When the compartment is equipped with two ports, one inlet and one outlet, the device control unit can be set to operate in a recirculation mode which provides a continuous flow of gas from the compartment towards the inlet section and from the outlet section towards the sector.

The control unit can advantageously be programmed to carry out measurements relating to the degree of saturation of the filters or operation tests of the automatic piloting pressure switches of the compressor.

Additional characteristics and improvements are disclosed hereinafter.

BRIEF DESCRIPTION OF THE DRAWINGS

The characteristics of the invention and the advantages deriving from it will result more clearly from the following detailed description of the attached figures, in which:

FIG. 1 shows a block diagram of a device according to the invention.

FIG. 2 shows a detailed block diagram of a fluid-dynamic circuit that can be used in a device according to the invention.

FIG. 3 shows a view of the device assembled on a mobile unit on wheels.

FIG. 4 shows the control panel of the device in the preceding figure.

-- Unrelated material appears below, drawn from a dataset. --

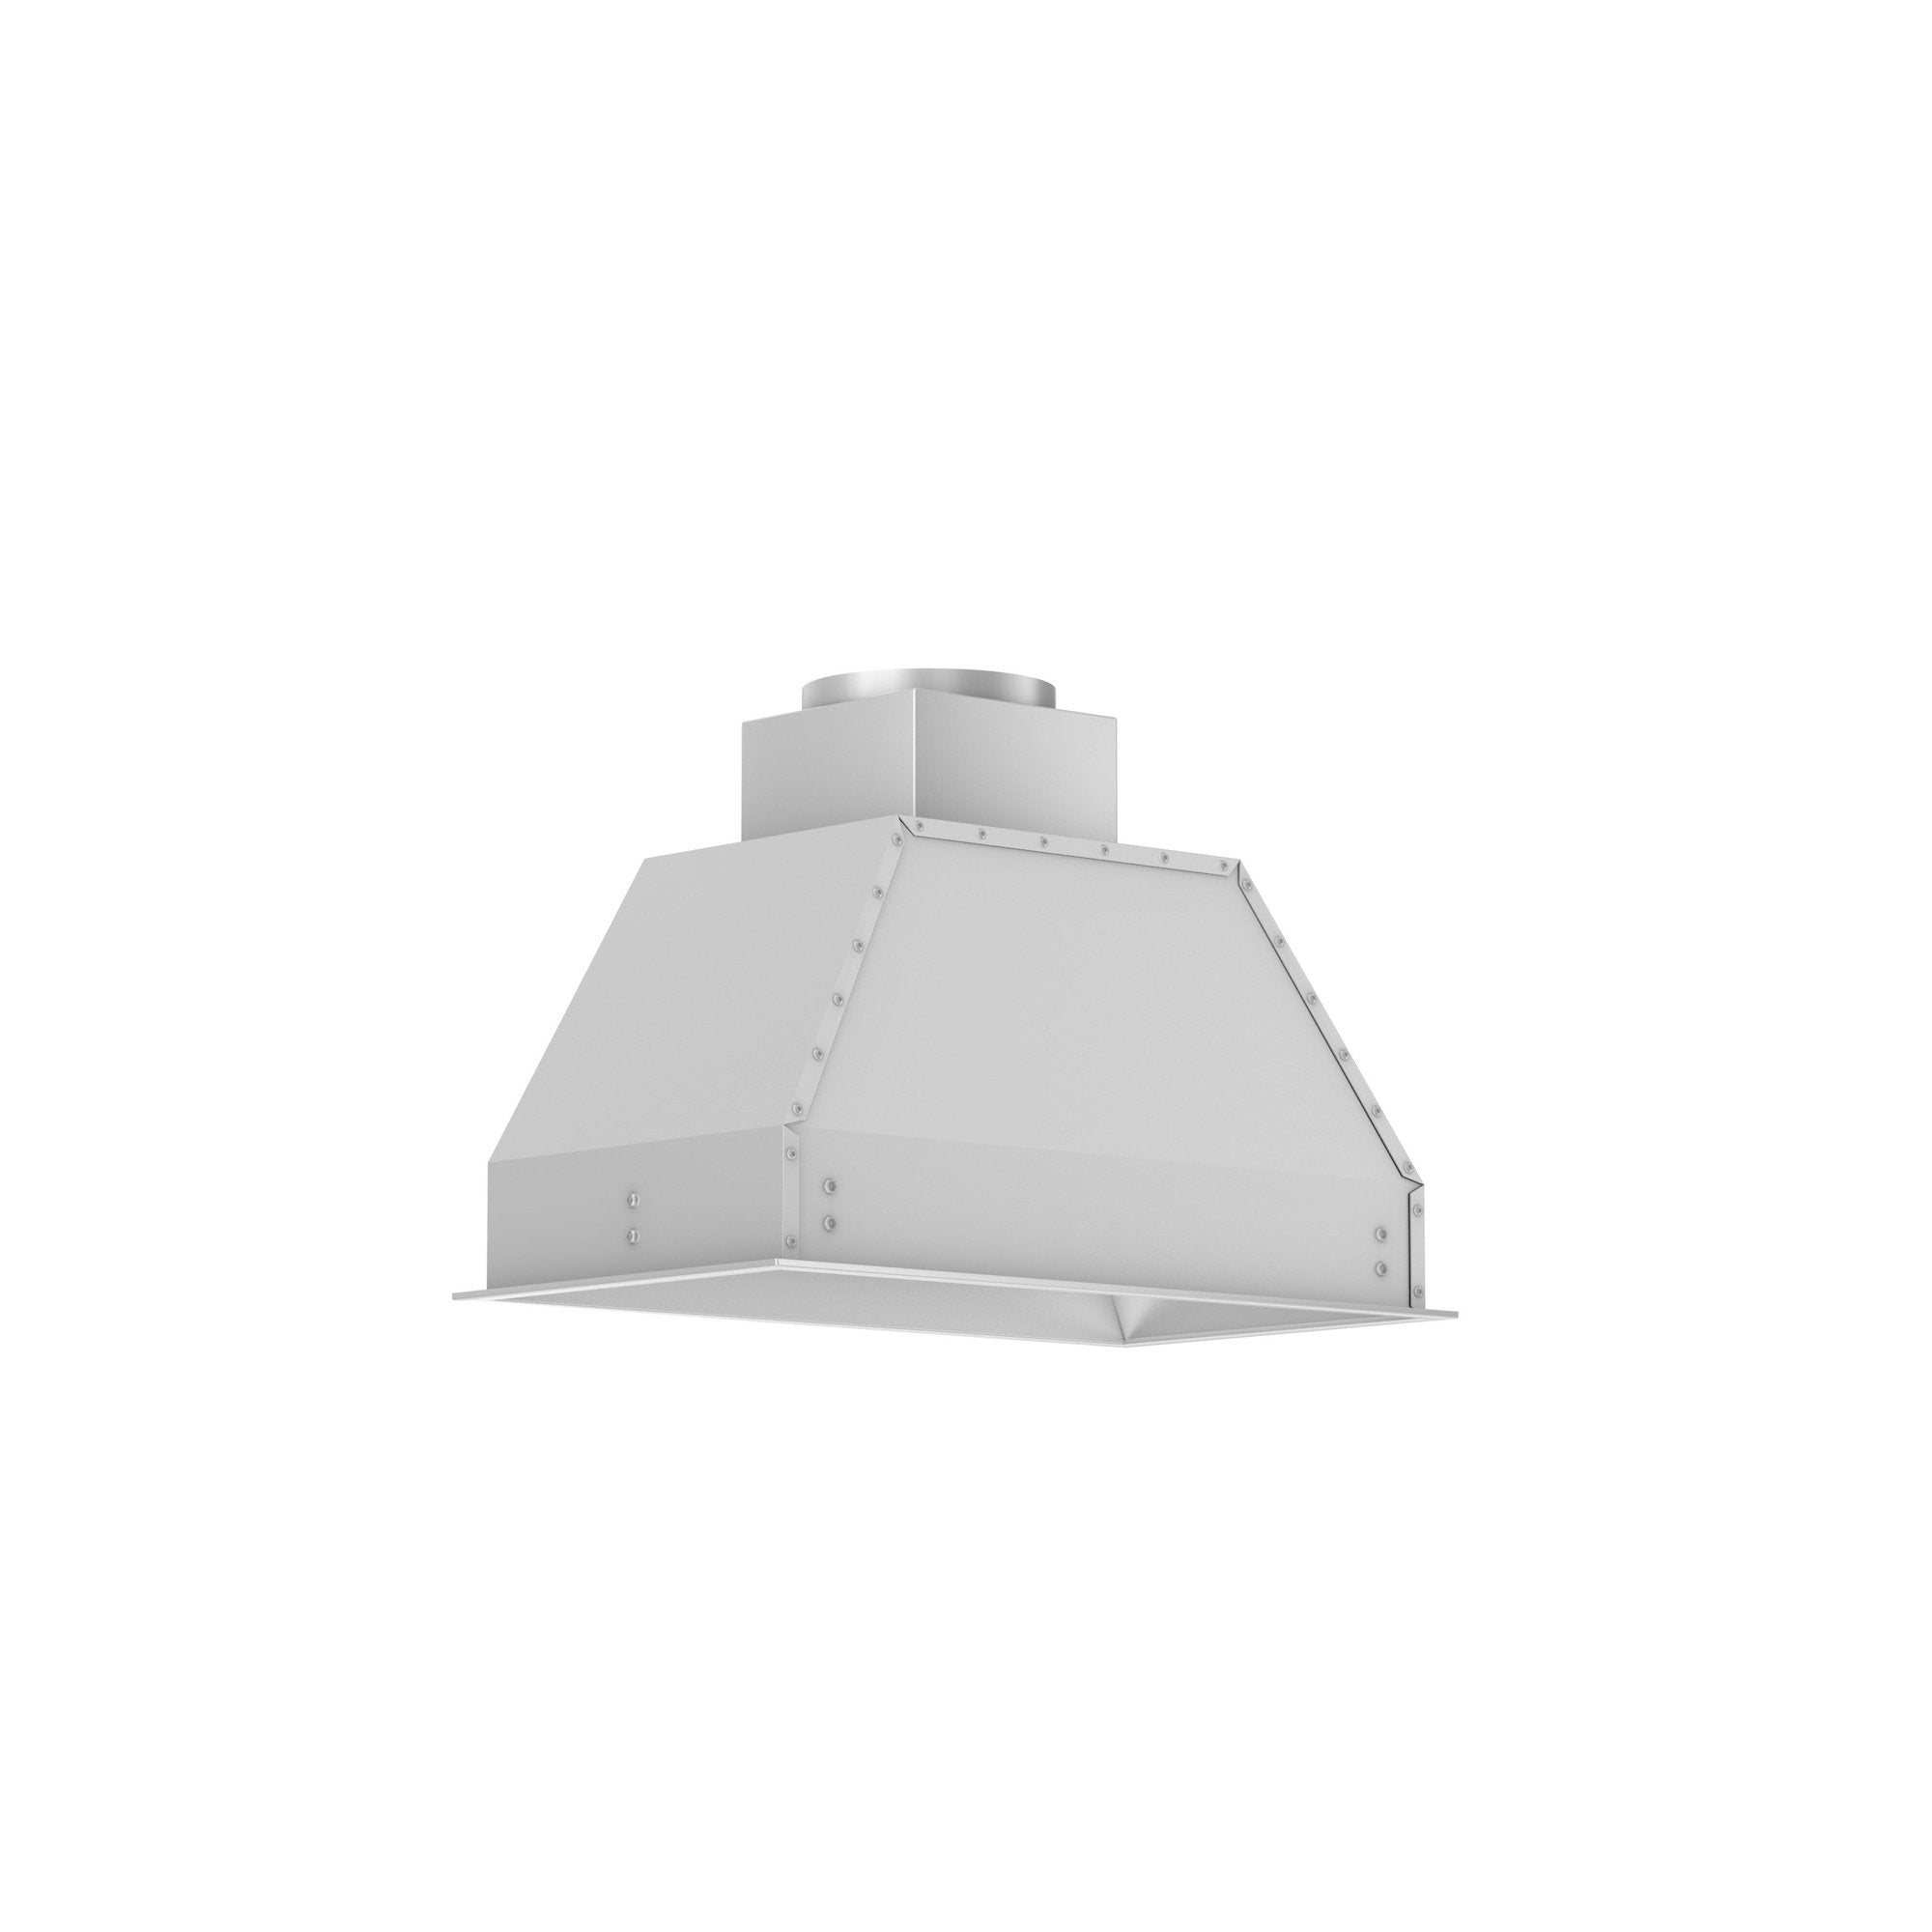 ZLINE Ducted Wall Mount Range Hood Insert in Outdoor Approved Stainless Steel - 695-304

DETAILED DESCRIPTION OF EMBODIMENTS OF THE INVENTION

With reference to the block diagram of FIG. 1, a device for treating fluorinated gases, in particular sulfur hexafluoride, according to the invention comprises:

• • an inlet section 1 suitable for receiving the gas to be treated via a connection interface with a compartment of a generic plant that uses said gas for the activities prescribed therein;
  • an outlet section 2 suitable for conveying the treated gas towards the same or another compartment of the plant using the same or a different interface connection between the device and the plant used for the gas inlet; and
  • a fluid dynamic circuit 3 which puts the inlet section 1 in communication with the outlet section 2.

The fluid dynamic circuit 3 includes a plurality of parallel branches 113 on which filtering units 303 are placed, in particular molecular sieving filters. On each branch 113 there can be only one filter or several filters in series, for example two, or no filter. The branches and filters associated with them may vary depending on the volumes of gas that the device is designed to treat.

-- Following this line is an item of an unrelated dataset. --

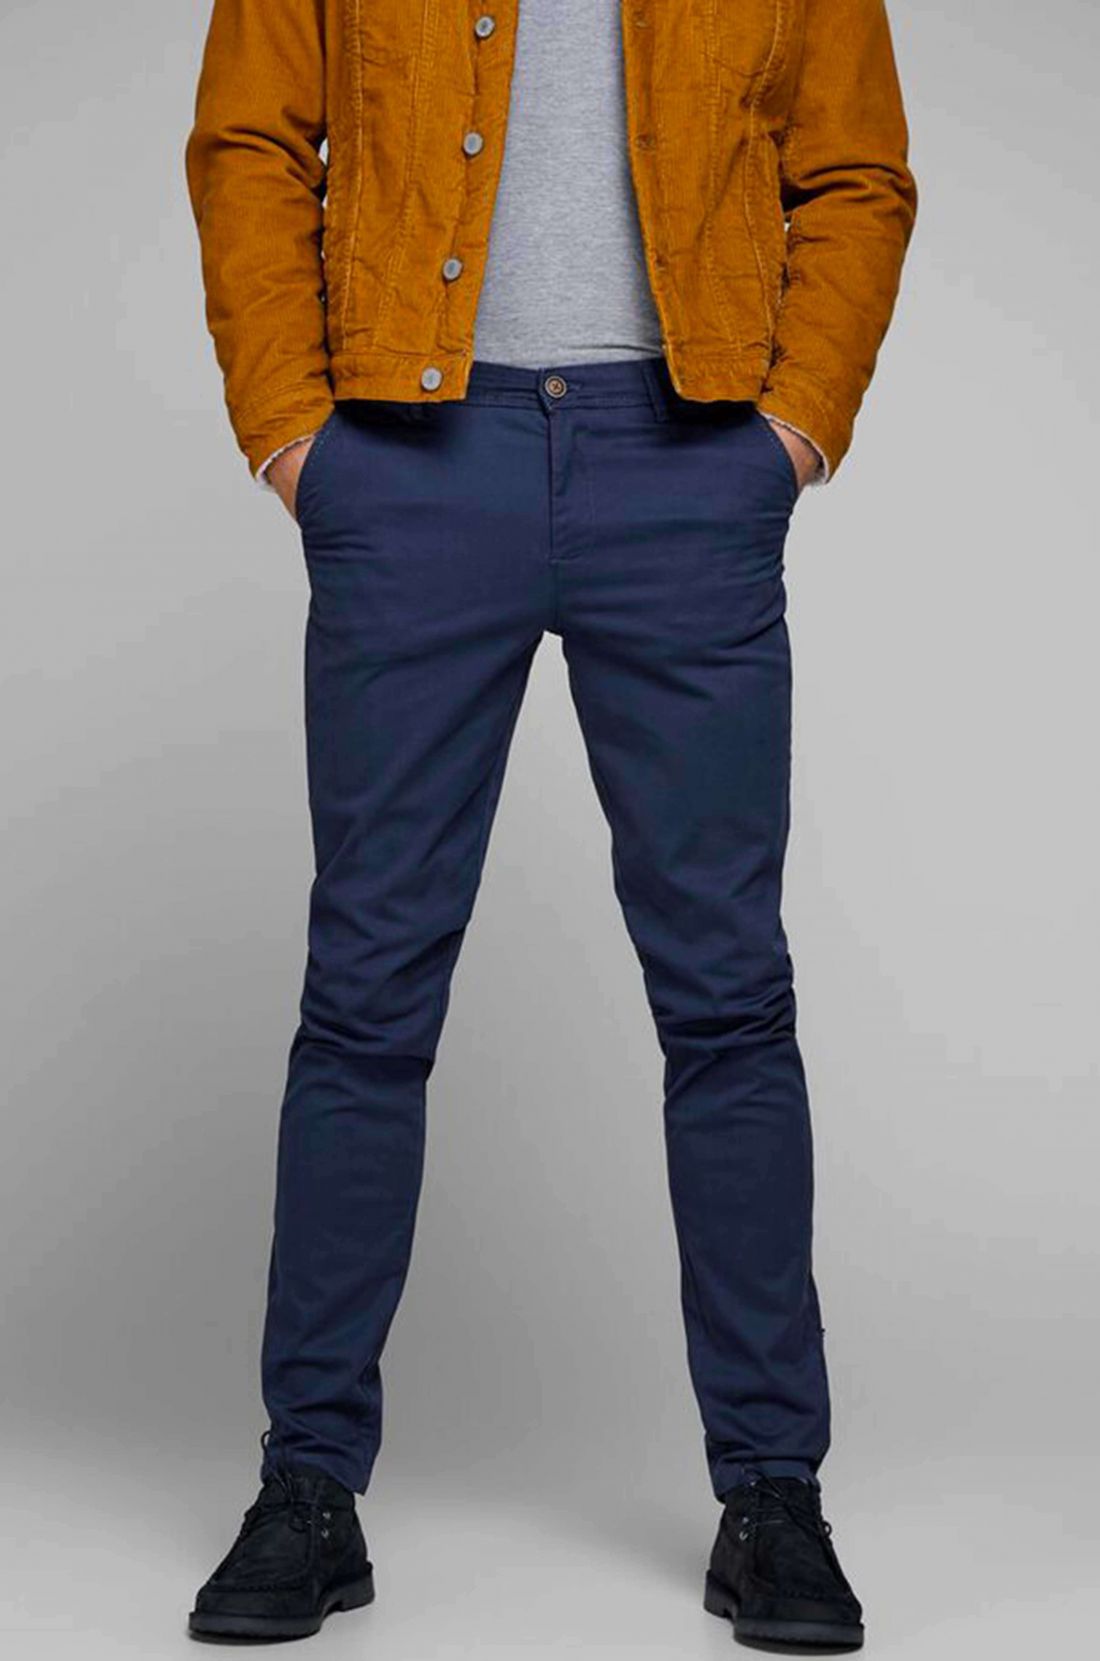 CHINO HOMME MARINE MARCO LONGUEUR 34

On each branch 113 there are flow cut-off elements 203, such as solenoid valves, which can be controlled via an actuation signal 114. In this way it is possible to insert or exclude a corresponding filter or a corresponding battery of filters from the circuit, thus varying the volume of gas which can be handled by the device.

The actuation signal 114 is provided by a control unit 4 which underlies the operation of the device on the basis, for example, of information relating to the volume of gas to be treated received at the input. This input, identified with reference 204 in FIG. 1, is a value that can be set by the user, for example via a graphic interface controlled by the control unit 4, or via a selector or one or more buttons.

The control unit 4 includes a microprocessor or microcontroller processing unit which can be made up of specific hardware or generic computer hardware that executes a specific program in which the instructions are encoded to configure the hardware to operate according to the expected methods.

In the diagram of FIG. 1 there is also a compression unit 5, which can be controlled by the control unit 4 or by one or more pressure switches present in the circuit and arranged downstream of the filtering units 303 to compress the filtered gas towards the outlet section 2 and, therefore, in the compartment from which it was taken.

The suction of the gas from the inlet section 1 does not require, however, any active organ as it occurs naturally due to the pressure difference between the inlet section 1 and the filtering branches 113 of the fluid-dynamic circuit even if it is not excluded that a motorized suction unit can also be used to optimize the extraction of gas from the compartment.

The control unit 4 can advantageously be interfaced with a control panel 404 and a display 102 for the user interface and with sensors to monitor the operation of the device. Such sensors are generically indicated in FIG. 1 with reference number 304 and can include, for example, pressure, flow, temperature, absorbed electrical power sensors and the like.

The output values from the sensors 304 are read, possibly processed by the control unit 4 and shown in the form of parameters varying over time on the display 102.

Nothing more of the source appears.